▶ _Records for this task_:
--- START ---
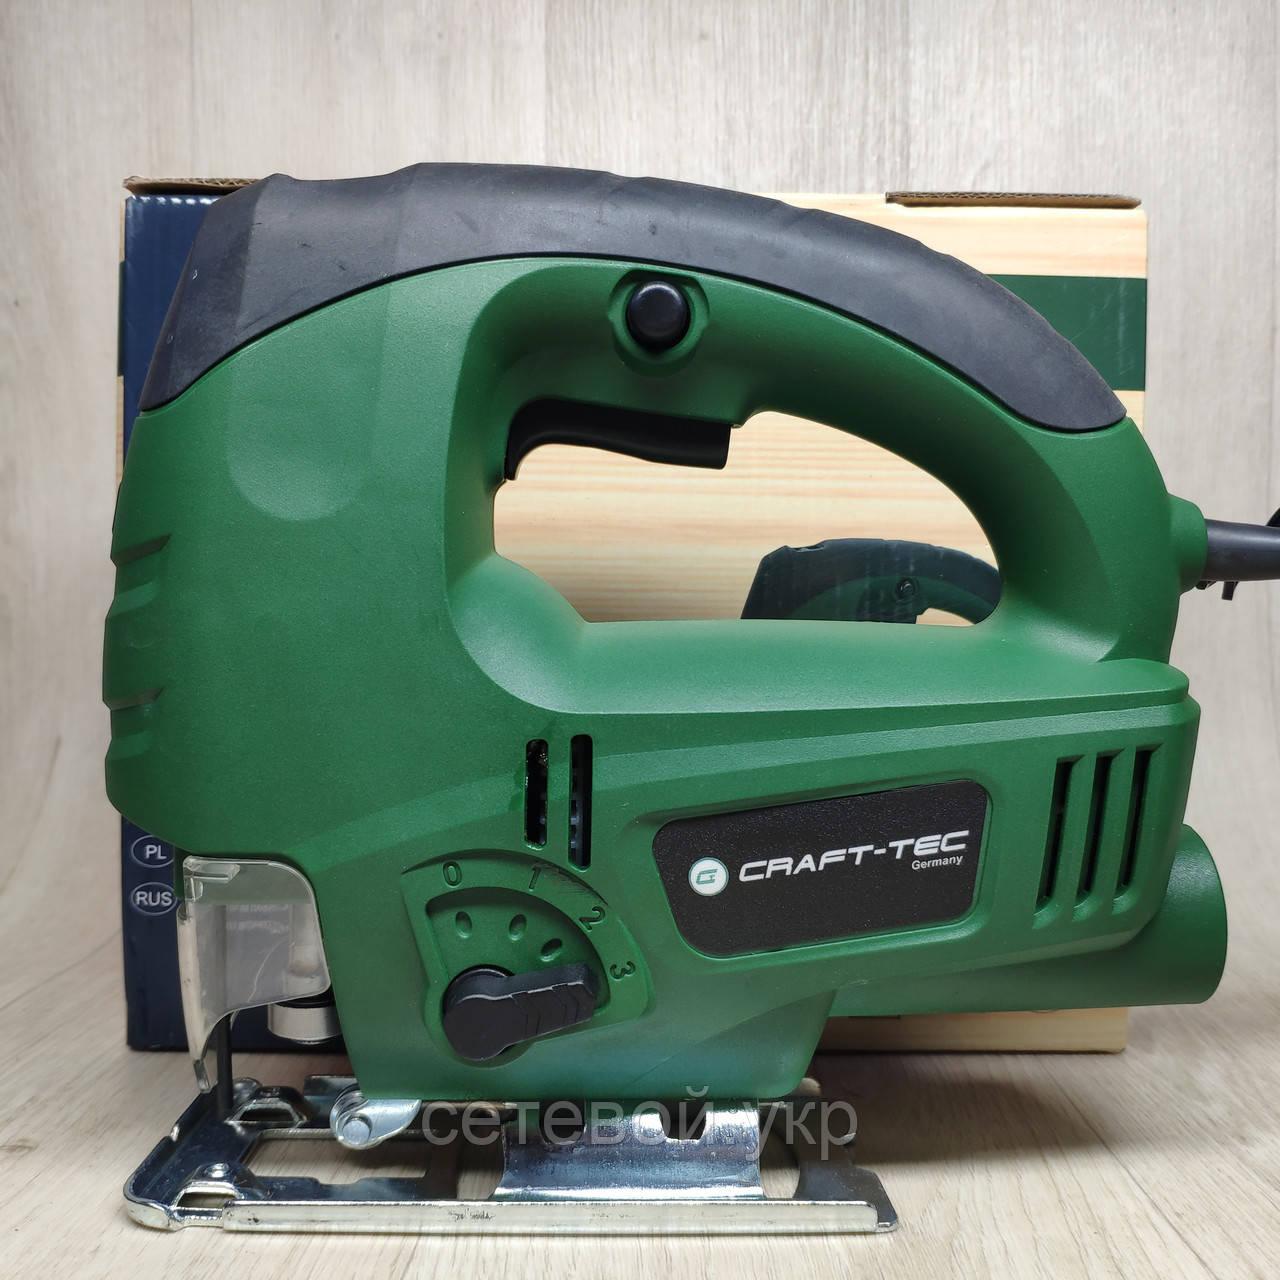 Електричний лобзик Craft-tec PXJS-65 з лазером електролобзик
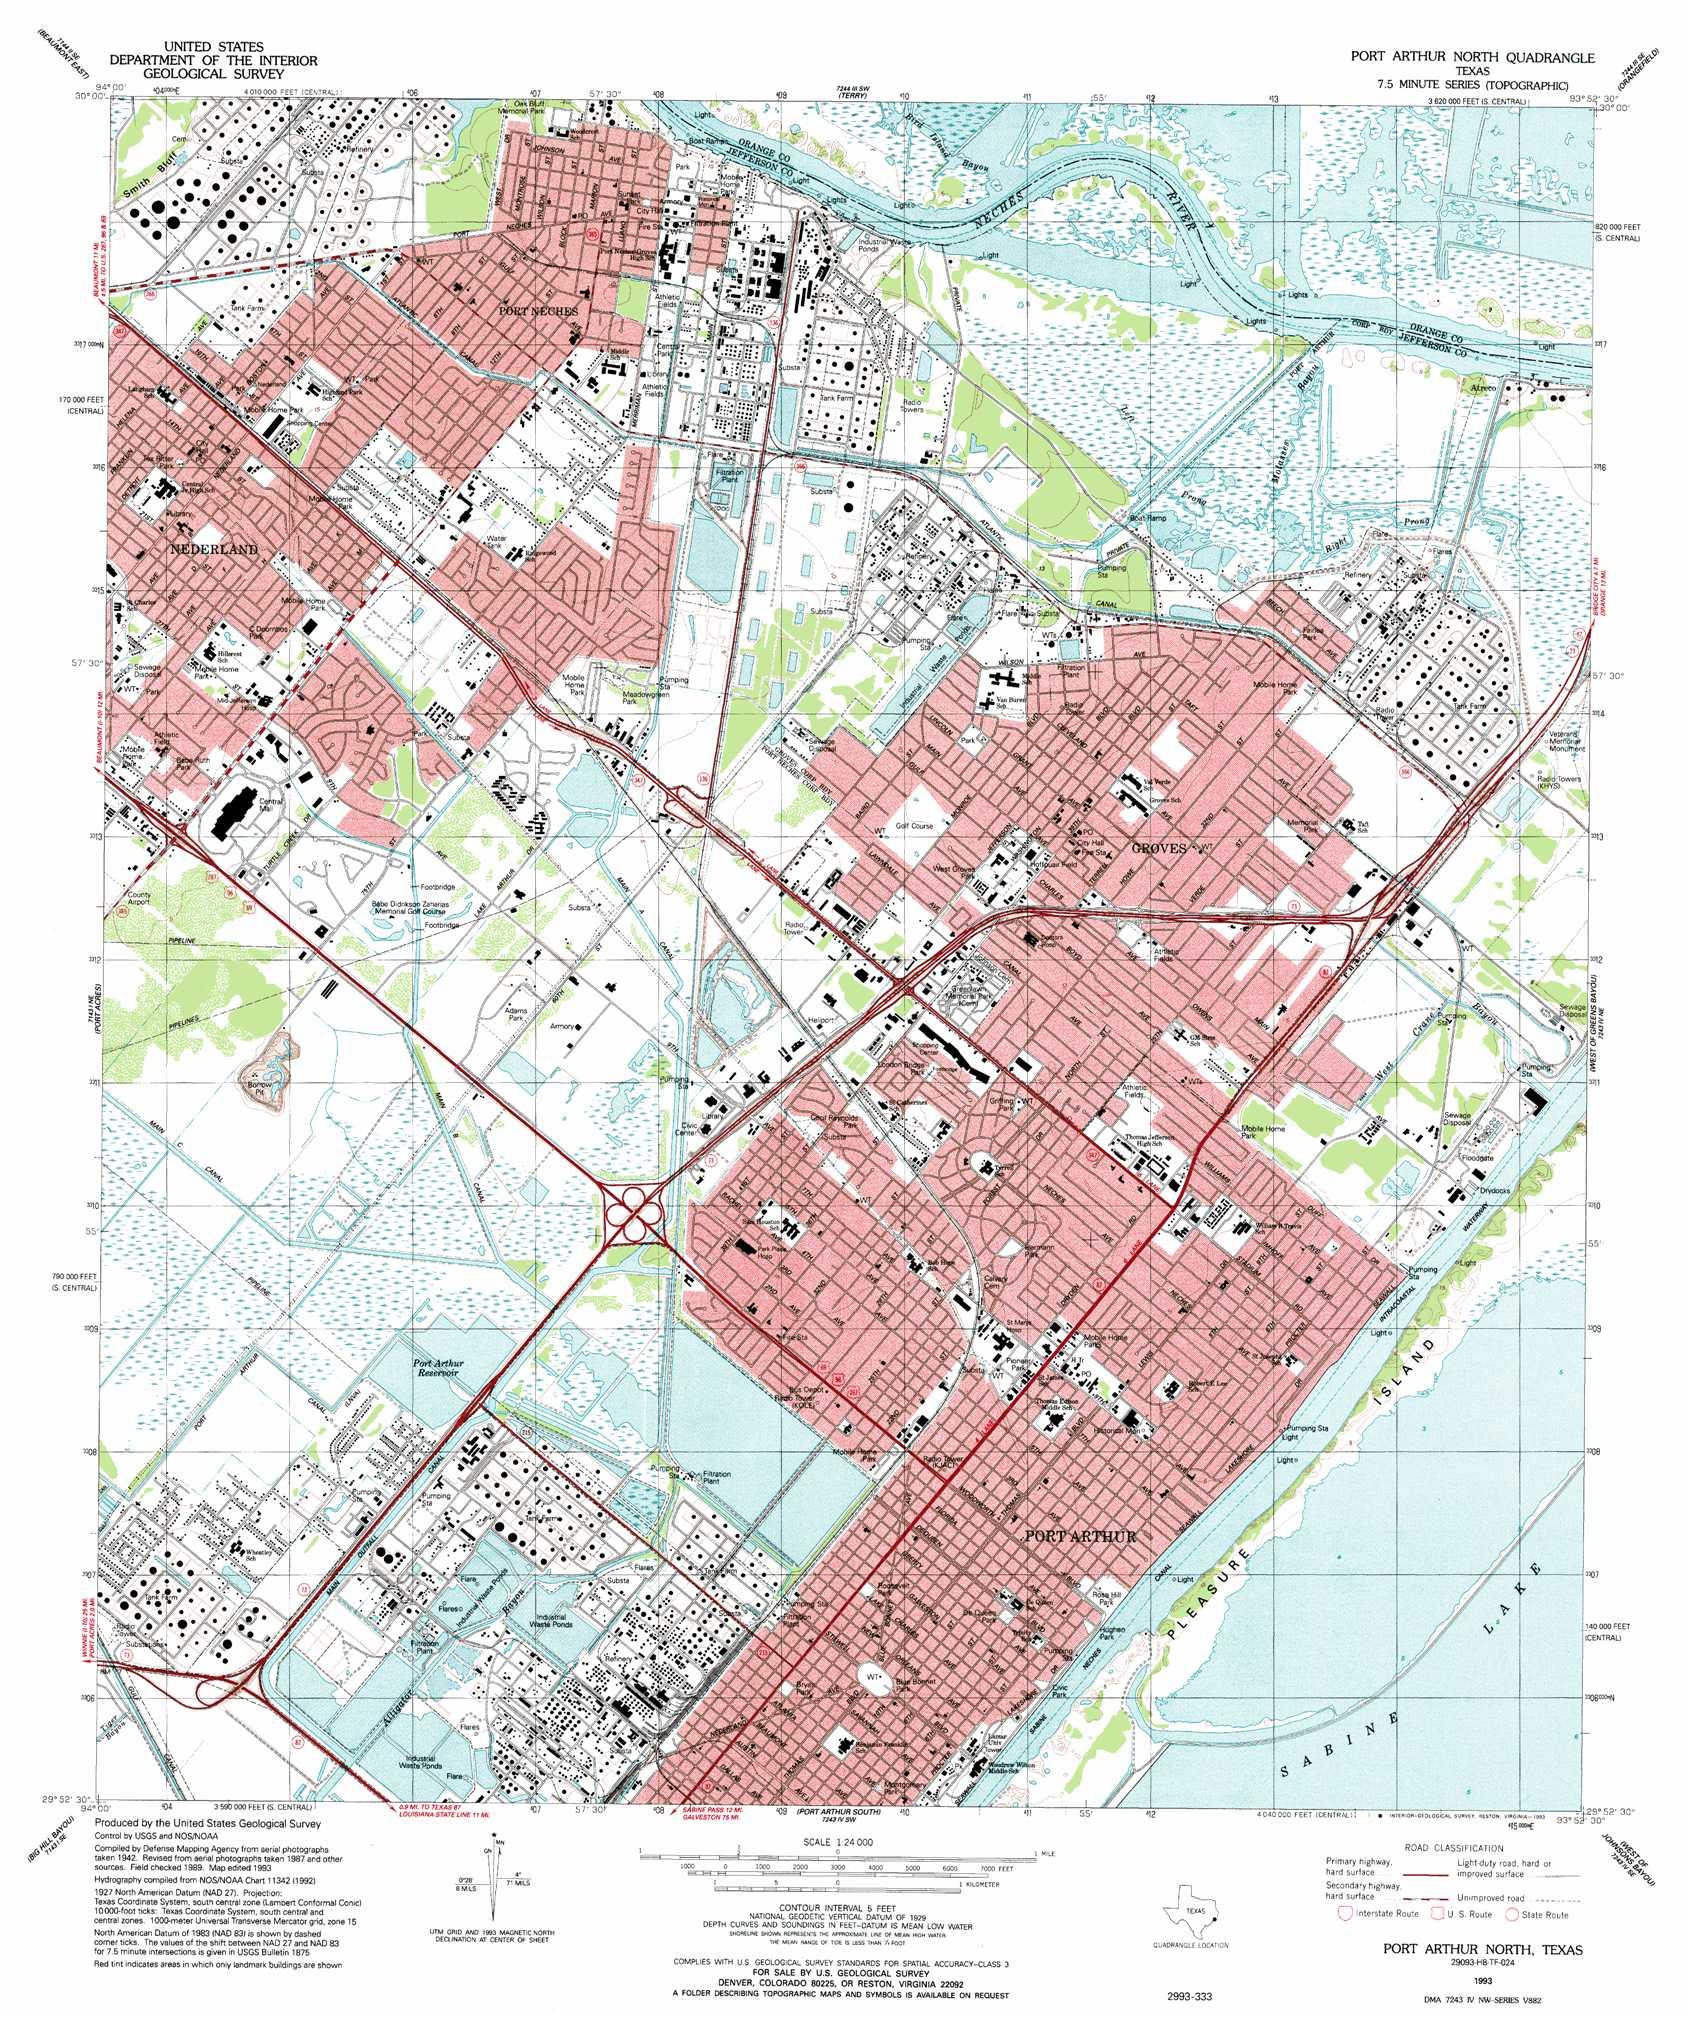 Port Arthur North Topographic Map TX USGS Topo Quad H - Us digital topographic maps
--- END ---
--- START ---
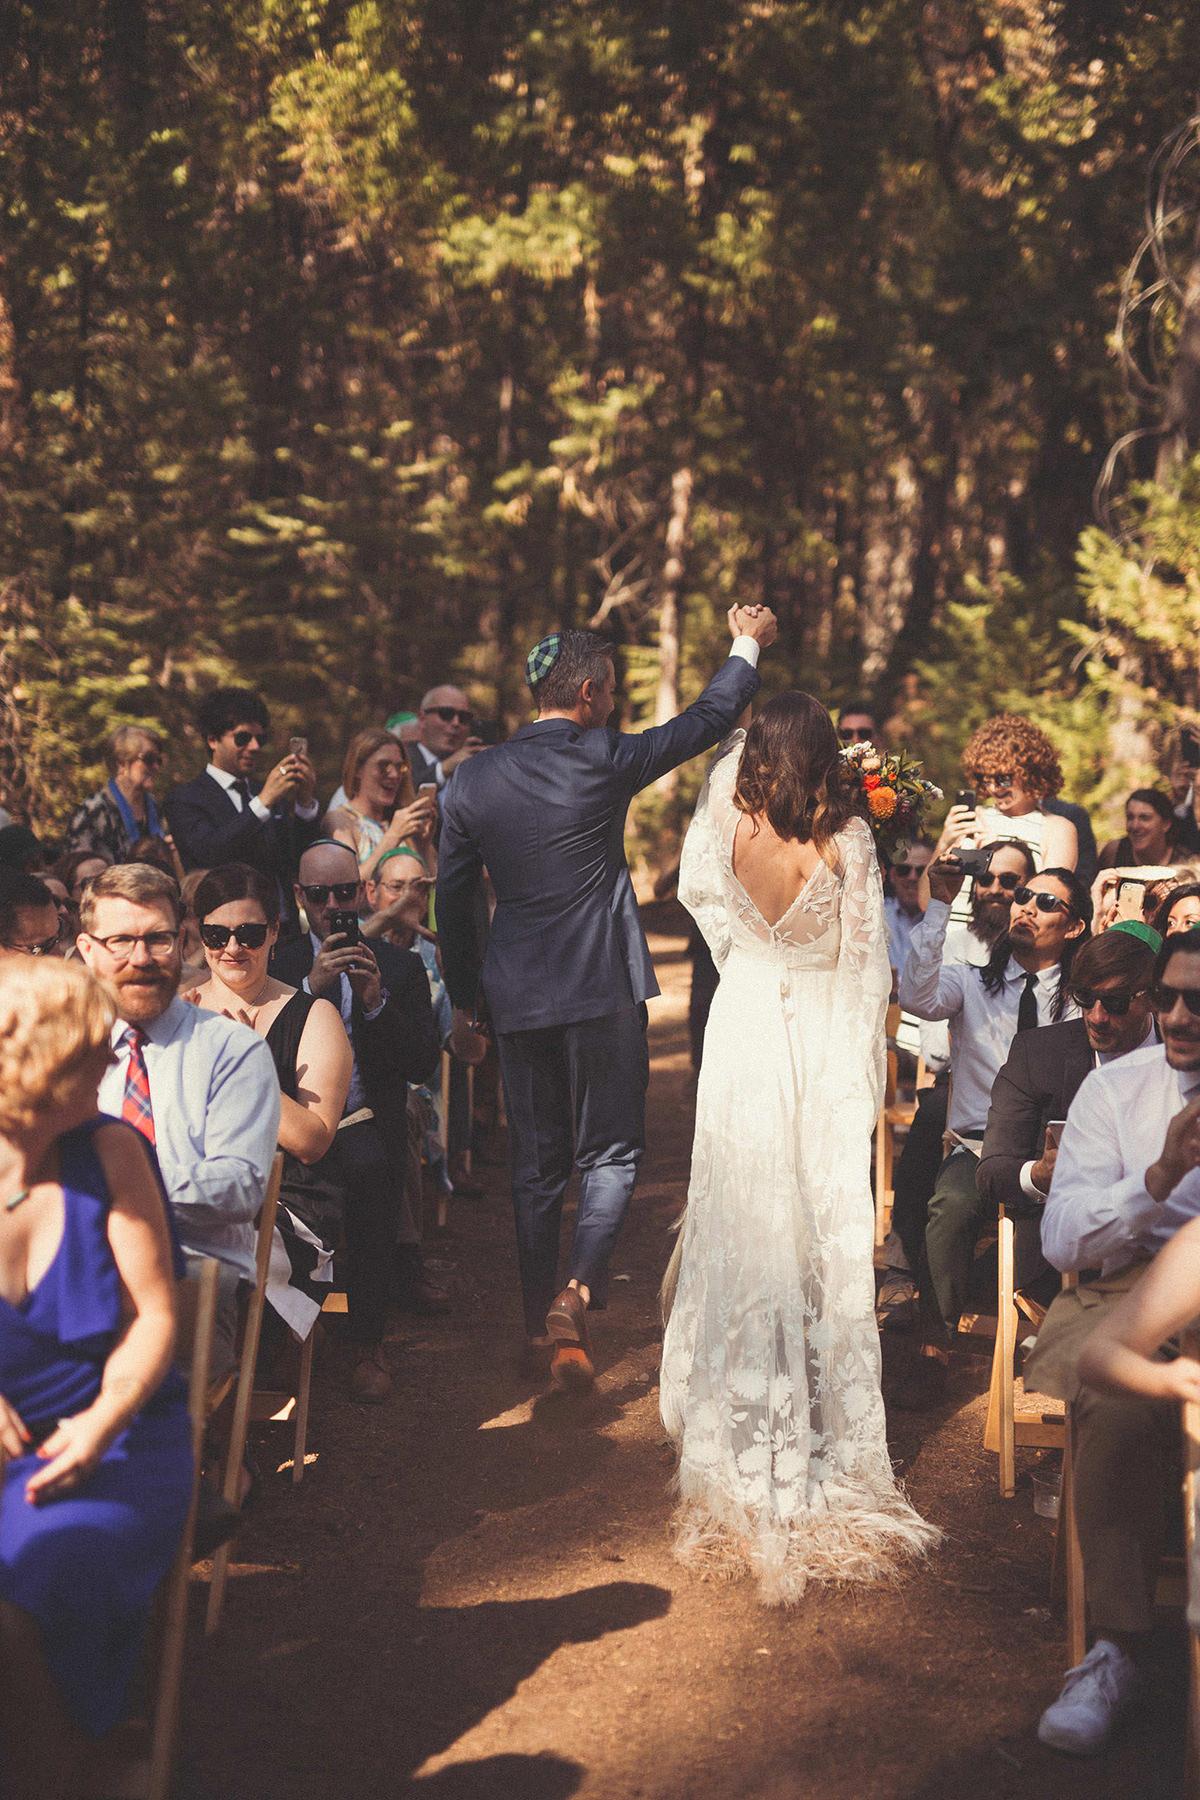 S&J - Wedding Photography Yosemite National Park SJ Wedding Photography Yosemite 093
--- END ---
▶ _Problem requirements_: Above are the records; please give again, exactly and in full, only the lines that run from the line with "Електричний лобзик Craft-tec" through the line with "Port Arthur North", with no pictures.

▶ _Solution to this problem_:
 Електричний лобзик Craft-tec PXJS-65 з лазером електролобзик
 Port Arthur North Topographic Map TX USGS Topo Quad H - Us digital topographic maps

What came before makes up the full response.